Modeling inter-individual variation in single-cell datasets to detect cell state abundance associations to clinical features and genetic variants

Abstract

In order to understand disease development, create effective medical treatments, and predict clinical outcomes, researchers study body tissue sampled from a wide variety of human donors. Researchers seek to detect tissue characteristics that associate with donor attributes like disease risk or treatment response. The advent of single-cell genomic technologies has enabled unbiased acquisition of diverse measurements, such as gene expression or chromatin accessibility, for each cell in a tissue sample. Single-cell datasets reveal the complexity of tissue composition in the human body at unprecedented resolution and provide new opportunities to detect tissue associations to donor attributes. In particular, single-cell datasets offer new opportunities to reveal what kinds of cells, among many possible “cell states," associate in abundance with donor attributes of interest. However, existing association-testing approaches are anchored in researcher-driven choices about which cell states are most relevant and these choices can limit the scope of associations detected. This thesis presents a novel approach that offers more flexible and data-driven identification of cell states associated in abundance with donor attributes. Our approach enables researchers to take better advantage of the rich information available in single-cell datasets and has already offered new insight into diseases including tuberculosis and systemic lupus erythematosus.

The first portion of this thesis introduces our novel framework for cell state abundance association testing. This framework leverages both the granularity of cell states and the variation across donors that are revealed in tissues by single-cell datasets. In this framework, we quantify cell abundance per donor across many granular cell states termed “neighborhoods” and uncover patterns of neighborhood abundance variation that are shared across donors. We illustrate how this framework produces a set of derived tissue features per donor that can be used to improve statistical power and accuracy in the detection of cell state abundance associations relative to the existing paradigm. We apply this framework to single-cell datasets of blood tissue to characterize immune dysfunction in autoimmunity and infection.
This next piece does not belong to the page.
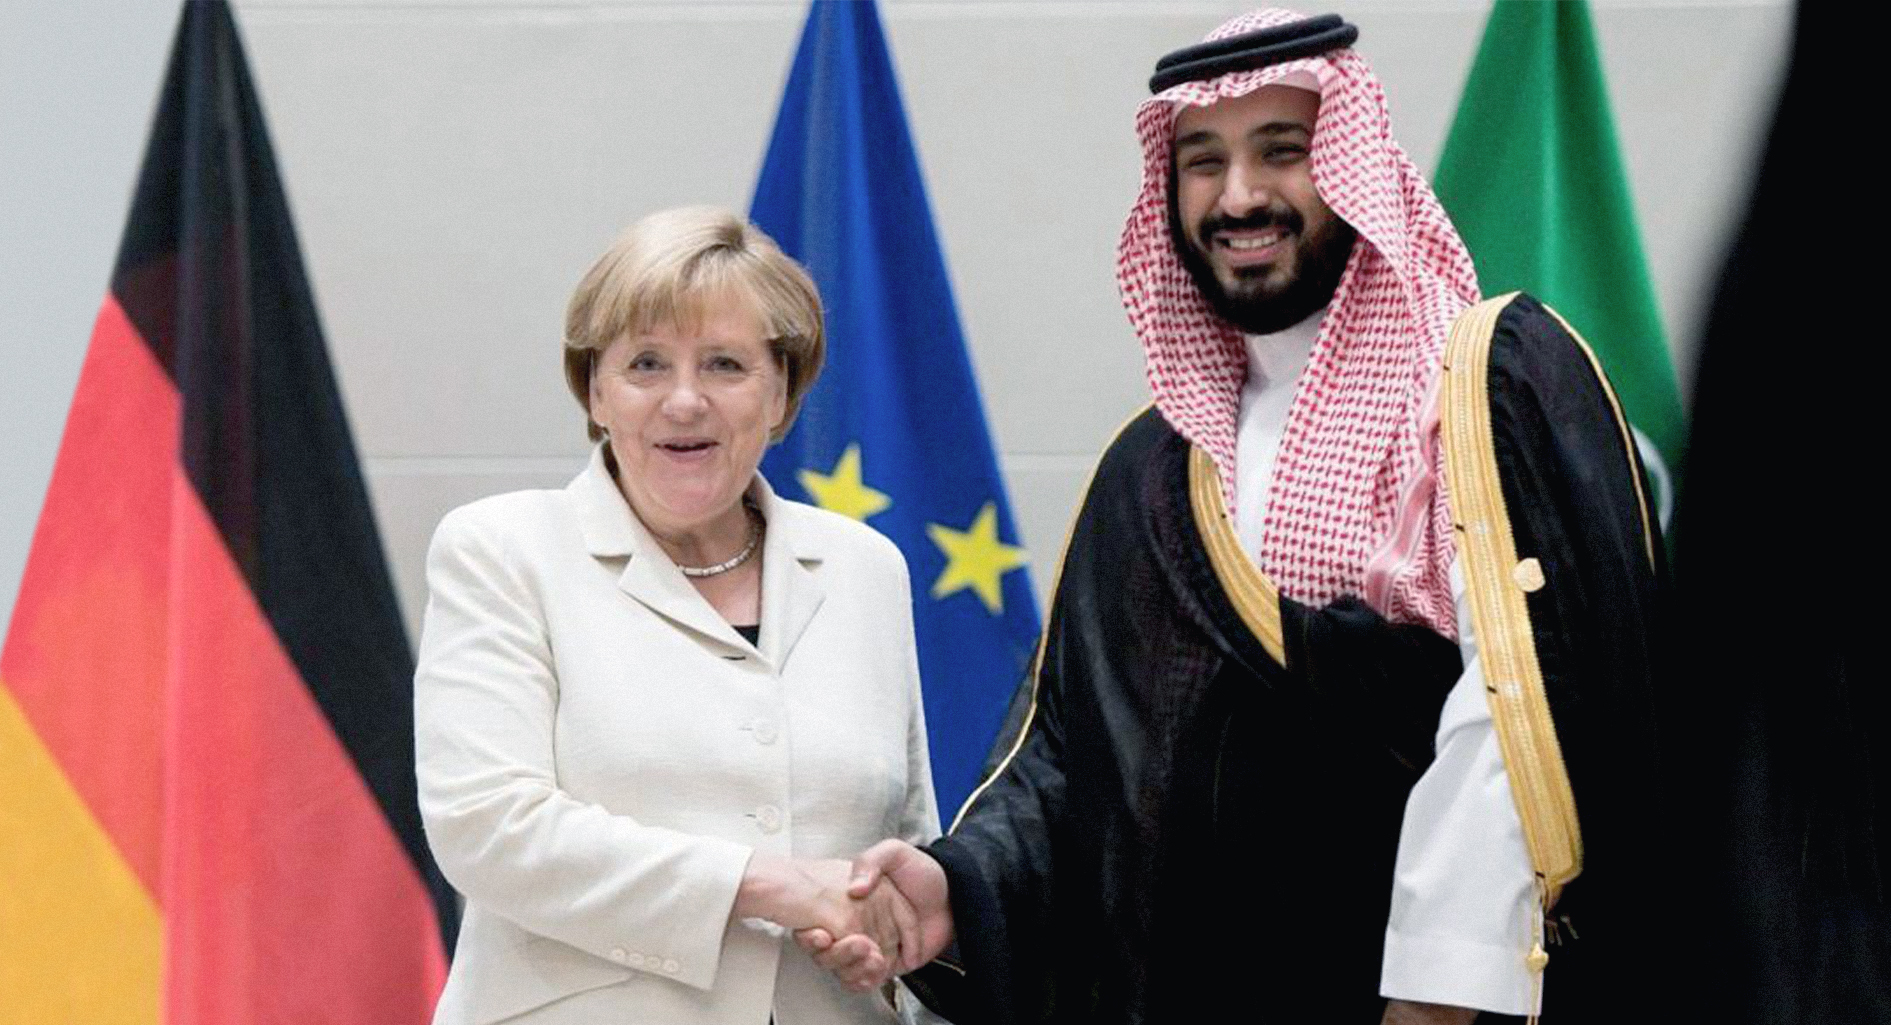 صورة وسوسة الشيطان و ثلاثة أسباب أخرى تمنع ألمانيا من التوقف عن بيع أسلحة للتحالف العربي

Modeling cell state abundance associations at fine-grained resolution offers important advantages, but also necessitates new considerations for potential sources of confounding. The second portion of this thesis characterizes a source of confounding in cell state abundance association testing to which neighborhood-resolution models of single-cell data are particularly vulnerable. We also introduce a strategy to address this confounding that offers benefits across multiple neighborhood-based association-testing tools.
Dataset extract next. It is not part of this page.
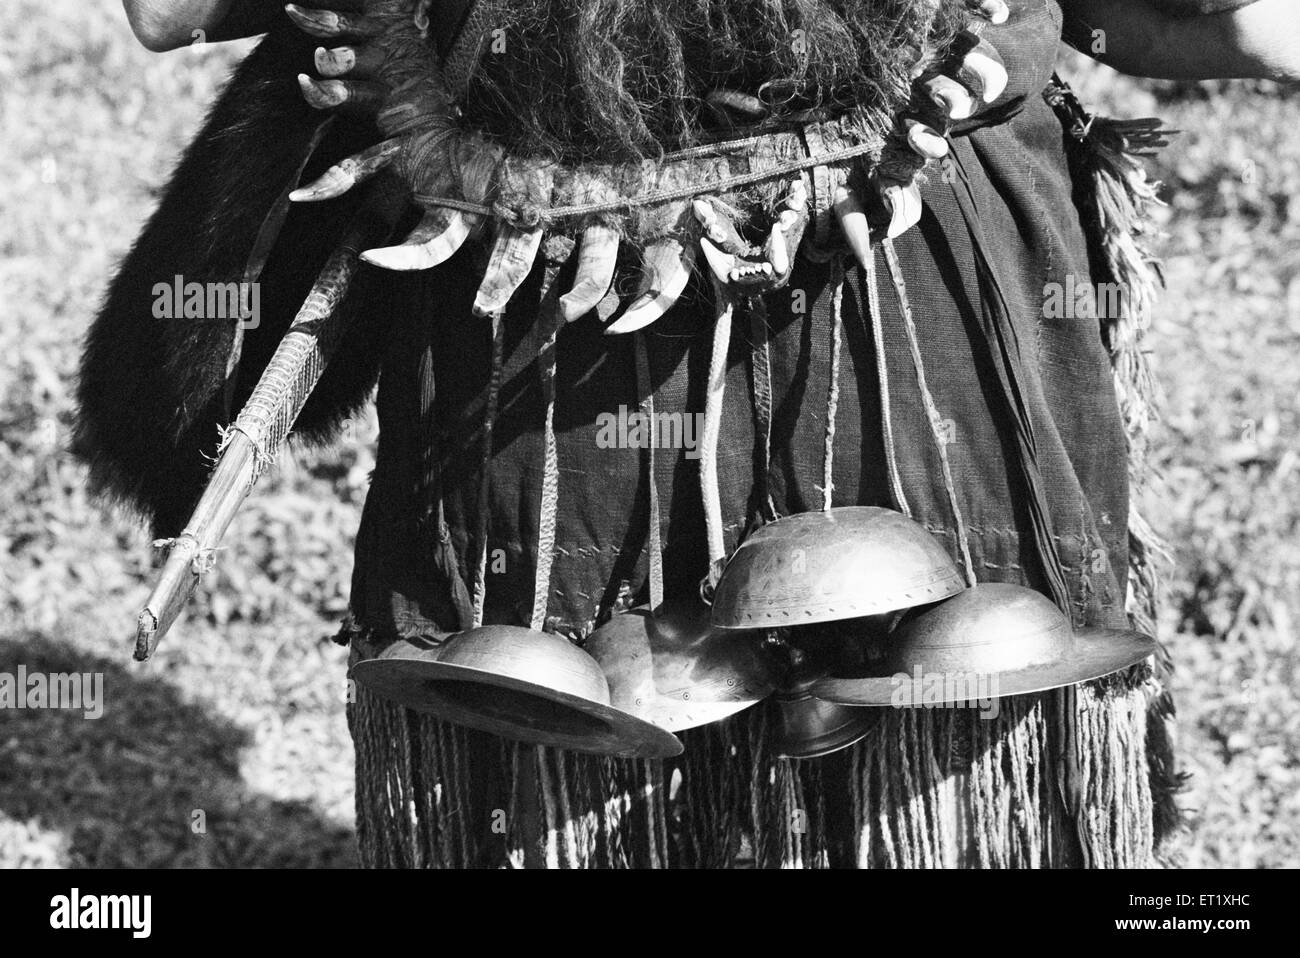 Metal Cymbals verwendet, um Schmuck Musik liefern ; Hill Miri Tribe ; Subansiri ; Kamle ; Arunachal Pradesh ; Indien ; Asien ; alter Jahrgang 1900s Bild Stockfoto

Cell states that are differentially abundant between donors with and without a disease may result from disease development processes or disease sequelae. However, genetic variants that confer an elevated risk of disease may also associate with the abundance of cell states and more specifically illuminate causal processes of disease development. The final portion of this thesis introduces a tool that adapts our framework to flexibly detect cell state abundance associations to genetic variants at genome-wide scale. In a dataset of blood tissue, we reveal novel genotype-phenotype associations that offer clues about genetic mechanisms of immune-mediated disease risk.

This work demonstrates the importance of modeling cell states in single-cell datasets at fine-grained resolution and the value in examining shared patterns of abundance across individuals. It is our hope that the methods produced by this work will empower researchers to unlock new insights from single-cell datasets, expanding our understanding of disease and ultimately improving human health and health care.